Visible to Intel only — GUID: GUID-3988D27B-101C-497E-AB90-03437483B4C5
Visible to Intel only — GUID: GUID-3988D27B-101C-497E-AB90-03437483B4C5
DPCT1087
Message
SYCL currently does not support cross group synchronization. You can specify --use-experimental-features=nd_range_barrier to use the dpct helper function nd_range_barrier to migrate <synchronization API call>.
Detailed Help
By default, the dpct helper function nd_range_barrier is not used to migrate CUDA* grid level synchronization.

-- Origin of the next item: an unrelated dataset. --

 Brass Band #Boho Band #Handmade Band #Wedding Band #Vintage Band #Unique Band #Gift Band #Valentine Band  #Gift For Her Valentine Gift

To use nd_range_barrier to migrate CUDA grid level synchronization, specify --use-experimental-features=nd_range_barrier in the migration command.
Suggestions to Fix
Specify --use-experimental-features=nd_range_barrier in the migration command to use dpct helper function nd_range_barrier to migrate CUDA grid level synchronization.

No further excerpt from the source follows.